Weldon V Brouillette wrote:
I remember Mumbley Peg both ways and don't think they were called by different names either. Speaking of carved initials: When I was in the 6th grade there was a vacant lot on the corner of Heald where you turned onto Big Horn Avenue. The next
house (Crutchfield's I think) had a Silver Maple on the curbside of the sidewalk between the lots. Waaaaay up in the top of that tree (if it is still there) are carved the initials BB (with a cupid's heart) and MM. Margie Montmorency's husband, Gary Kaiser , about fell off his chair laughing when I told him about it at a class reunion a few years ago. As I remember, "Old Man Crutchfield" got a little testy about kids carving his tree. Re: "We had a game we used to enjoy in high school. We'd go park out in the boonies and watch the submarine races. We were never participants in the actual race, just occasonal observers." Heights Reservoir, right? Somebody told me that. Bing
 

Clara adds re mumblety-peg: I looked in the dictionary to find out for sure how to spell mumblety-peg and found it like that, or mumble-the-peg. I thought you might be
interested in the comments and definition as well. Quote:[from the phrase mumble the peg : from the loser's originally having to pull out with his teeth a peg driven in the ground]: a game in which the players try to flip a knife from various positions so that
the blade will stick into the ground.  

Ginny Core wrote in a note to
Clara: I had to send this privately...I tried to start all that when I was teaching school, and it bombed. The marbles probably would have gone over but the kids were such bad sports that it caused too much trouble. And then I ordered ropes so they could learn to jump rope. I taught them how to turn Double Dutch. I ran and jumped in to show them how to do it, and alas...the age thing, I wet my pants!

Ginny Clara Lehman wrote:
I'm LOL. C'mon, Let me forward this one!
Ginny replied: o.k.   
[ Ed Note: See what a tiny o.k. she sent?
 
Ginny Core later wrote:
When I was on staff as Speech Therapist for the Wyo Easter Seal Society Crippled Children's Camp (above Lander) we had "K-nock K-need K-new Hunts". Those little kids would be all over the woods trying to find the little critters. We gave them flashlights and paper sacks and promised we would have them with our eggs in the morning. Every one to a child would 'see' them but they all 'got away'!

 I can remember Harriet Wilson warned me about that when I was a freshman. (She was my big sister).

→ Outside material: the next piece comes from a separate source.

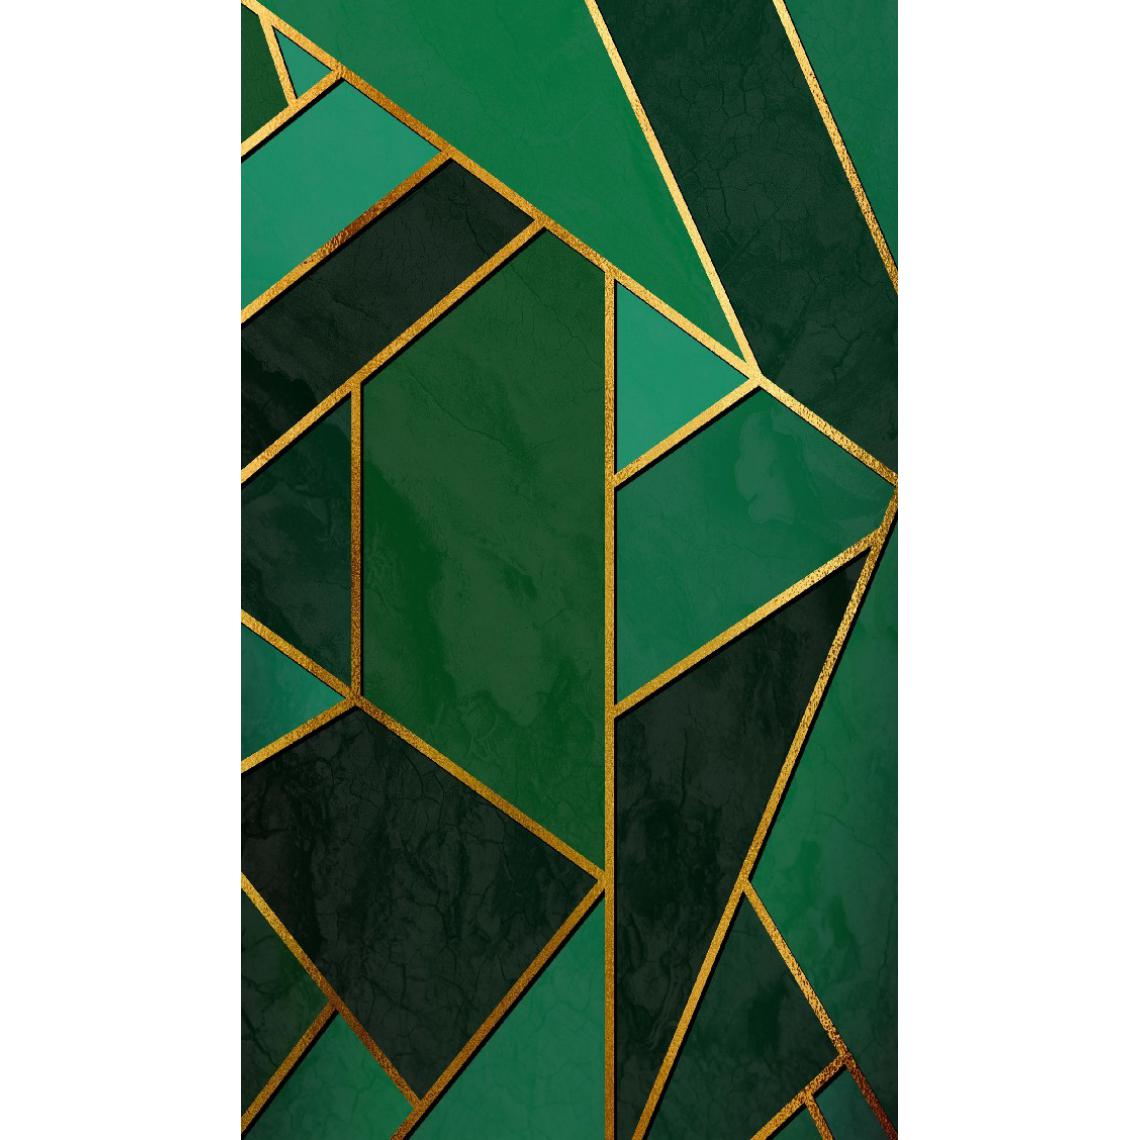 Homemania - HOMEMANIA Tapis Imprimé Gold Mosaic 1 - Géométrique - Décoration de Maison - Antidérapant - Pour Salon, séjour, chambre à coucher - Multicolore en Polyester, Coton, 80 x 120 cm - Tapis

Mary Alice Wright Gunderson wrote:
Jump rope rhymes: Cinderella, Teddy Bear, more that I'll think of...Cinderella dressed in yella went upstairs to see her fella. How many kisses did she give him?
( jump and count, high as you can.) Other, longer versions were used, also. Teddy Bear, Teddy Bear, turn around. Teddy Bear, Teddy Bear, touch the ground. Teddy Bear, Teddy Bear, show your shoe . Teddy Bear, Teddy Bear, that will do. Teddy Bear, Teddy Bear, touch the ground. Teddy Bear, Teddy Bear, get outta town!...many variations on this one. Spanish Lady was another...the brain needs time to think back and back.

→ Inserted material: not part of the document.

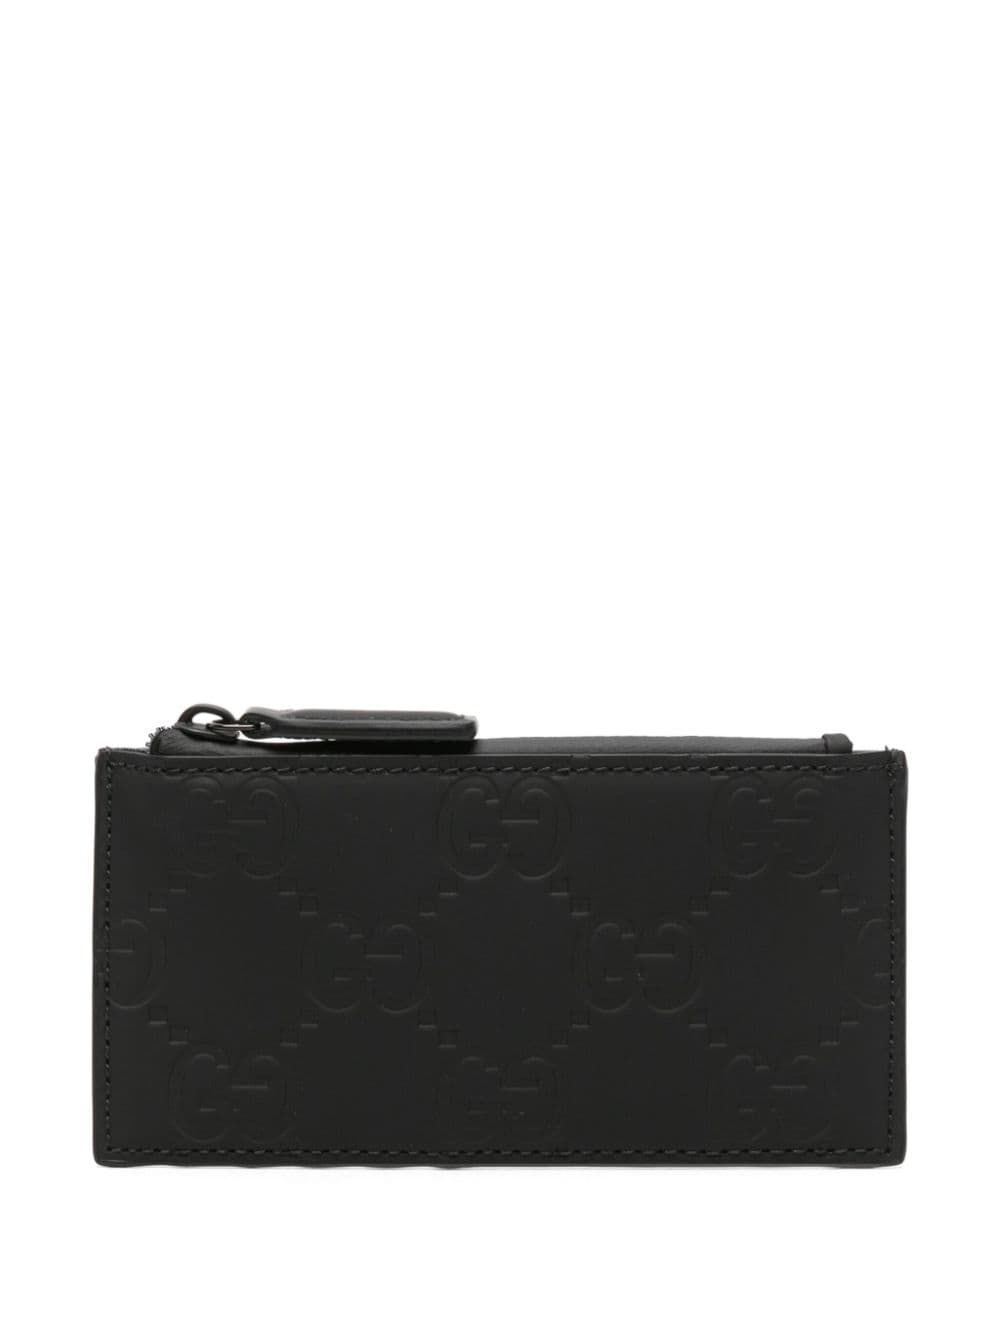 Gucci GG Supreme rectangle cardholder - Black von Gucci

Milt Cunningham,1941 wrote:Dead Man's Gulch. A friend of mine and I had thebest hideout there. We found a sort of depression, a little cave a few feet deep in the bank, but it was totally out of sight covered by thick plum bushes. We worked with the bushes so that part of them were a little loose; we could pull them aside, crawl in, and pull them back over the opening.

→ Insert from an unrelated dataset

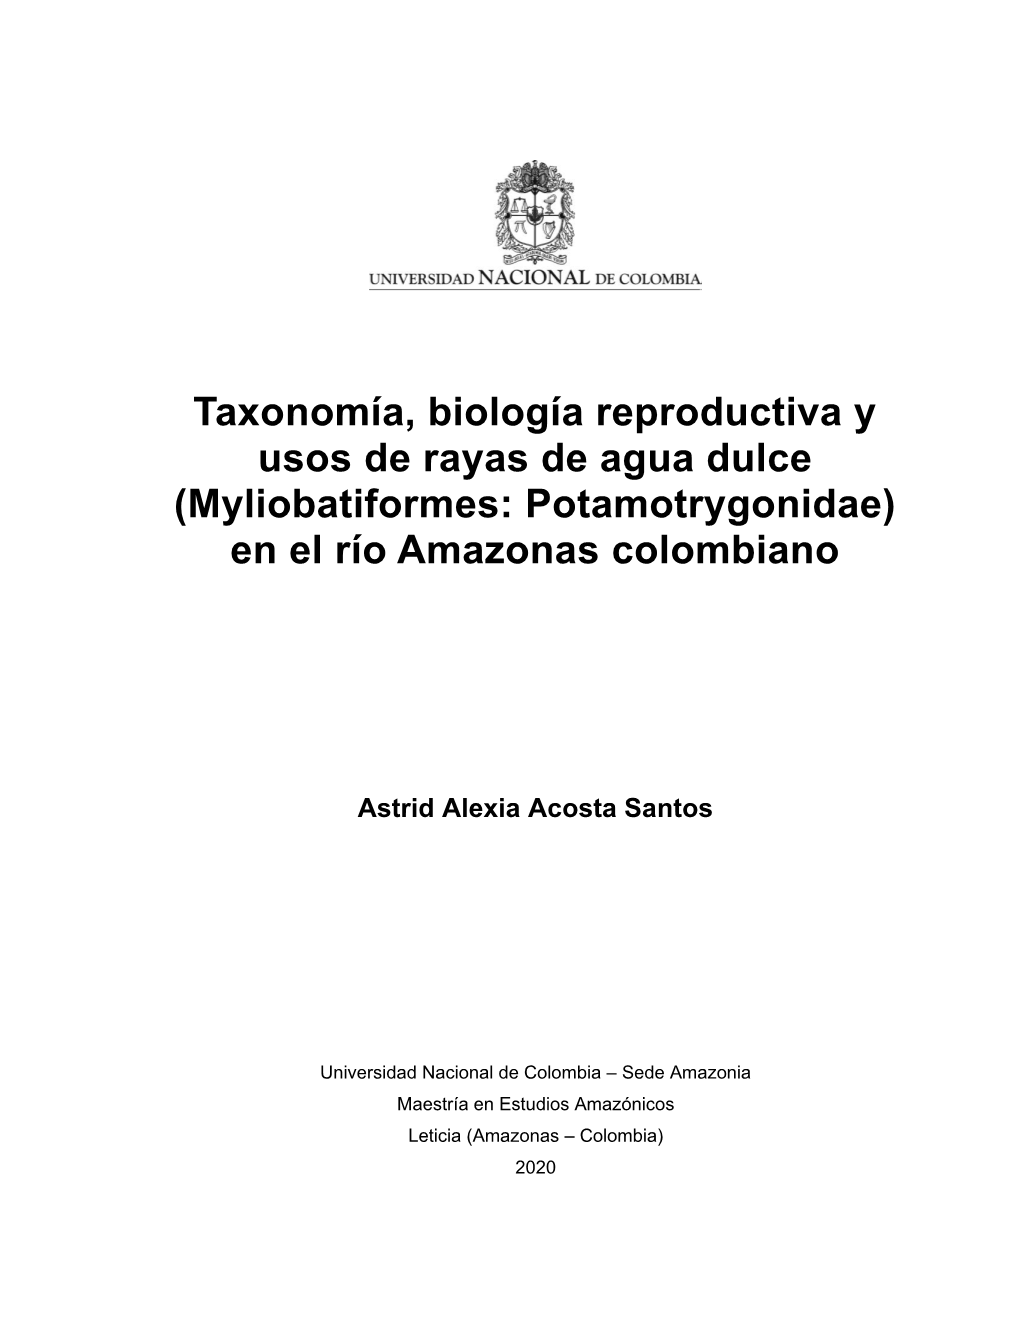 Taxonomía, Biología Reproductiva Y Usos De Rayas De Agua Dulce (Myliobatiformes: Potamotrygonidae) En El Río Amazonas Colombiano

Weldon V Brouillette wrote: And, of magpies--Some of us use to "harvest" many of those in another draw in Sheridan. Platt Hall use to pay us a nickel per pair of legs as I
recall. I think Platt Hall was one of many "agents" who was paying out the bounty money for Wyoming Game & Fish. I can remember of riding bicycles way out Prarie Dog Creek with Bill Helms and 22's to help rid the county of the dirty little nest robbers because they created so much havoc with the game bird population. I think the bounty probably
helped up to about break even on the 22 cartridges.
My, how times have changed. Today the scavangers are on the protected list as"songbirds". What a crock!